Su primer gran protagónico fue en cine, en 1955, junto a Mirtha Legrand, por entonces la gran heroína de la pantalla grande, en El amor nunca muere, dirigido por Luis César Amadori. La pareja fue un éxito y lo volvieron a convocar para acompañar a "Chiquita" al año siguiente en La pícara soñadora, dirigida por Ernesto Arancibia y un par de años después, en Con gusto a rabia, de la mano de Fernando Ayala. A continuación vendría otra pareja que marcó historia: Leopoldo Torre Nilsson. Junto a este director, el trabajo de Alcón alcanzó su máximo crecimiento. Un guapo del 900, Martín Fierro, en 1968; El santo de la espada, dos años más tarde y en 1971, Güemes, la tierra en armas, a la que siguió La Mafia, en 1972 y después, Los siete locos, Boquitas pintadas y El pibe Cabeza.
"El que se cree un maestro es un pelotudo"
Aunque le molestaba el calificativo, Alcón fue ante todo un "maestro" del teatro. "Yo no oigo cuando me dicen maestro. Contesto, «sí, maestro», y me río. El que se cree un maestro es un pelotudo. El que encuentra rápido es porque busca poco: cuando empiezo a trabajar, estoy tan inseguro, que me sobran los brazos", decía sobre su trabajo aunque al resto de los mortales le pareciera increíble que justamente él pudiera tener alguna inseguridad.

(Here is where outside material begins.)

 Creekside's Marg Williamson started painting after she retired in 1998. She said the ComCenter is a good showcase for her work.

Intérprete inigualable de los textos de Ibsen, Lorca, Arthur Miller, John Osborne, Engene O’Neill, Edward Albee, Tennessee Williams, Samuel Beckett, Marlowe, fue dirigido por nombres históricos como los de Margarita Xirgu, Carlos Gandolfo y Omar Grasso, aunque también se animó a dirigir con igual éxito: Los caminos de Federico, Bocca-Alcón, Homenaje Ibsen, ¡Shakespeare todavía! y Final de partida provienen de esta etapa más propositiva de su carrera.

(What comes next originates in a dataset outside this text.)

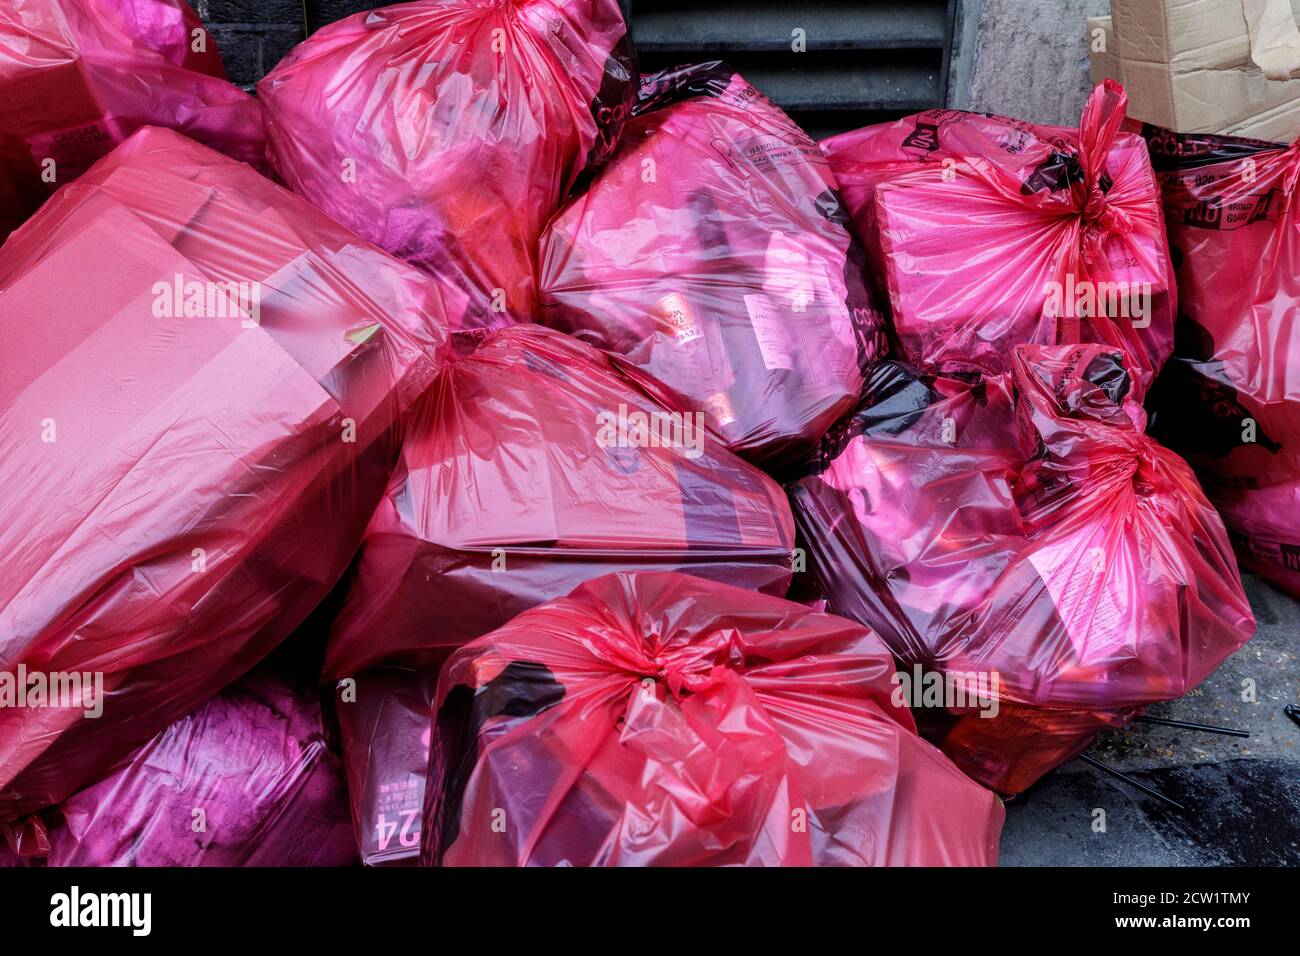 Bags of trash pile up on the sidewalk in London, England. Stock Photo

Dos veces obtuvo el premio Martin Fierro y otras tantas el Cóndor de Plata y el Estrella de Mar de Oro; recibió el ACE de Oro, el María Guerrero, el Ollantay, el gran premio de honor de la Fundación Konex, el García Lorca y distinciones especiales en festivales realizados en Colombia y en España.
En una de sus últimas entrevistas, a propósito del estreno de Filosofía de vida, reflexionaba con total sinceridad: "No me detengo a pensar qué clase de vida llevo, porque un día quiero una cosa, y al siguiente, otra. Quizás puedo mirar hacia atrás y ver qué dibujos hice. Otros siguen como si fuese una brújula a una institución, religiosa o ideológica. Eso no es estar vivo. Es respirar según un molde y convertir tu alma en una cosa".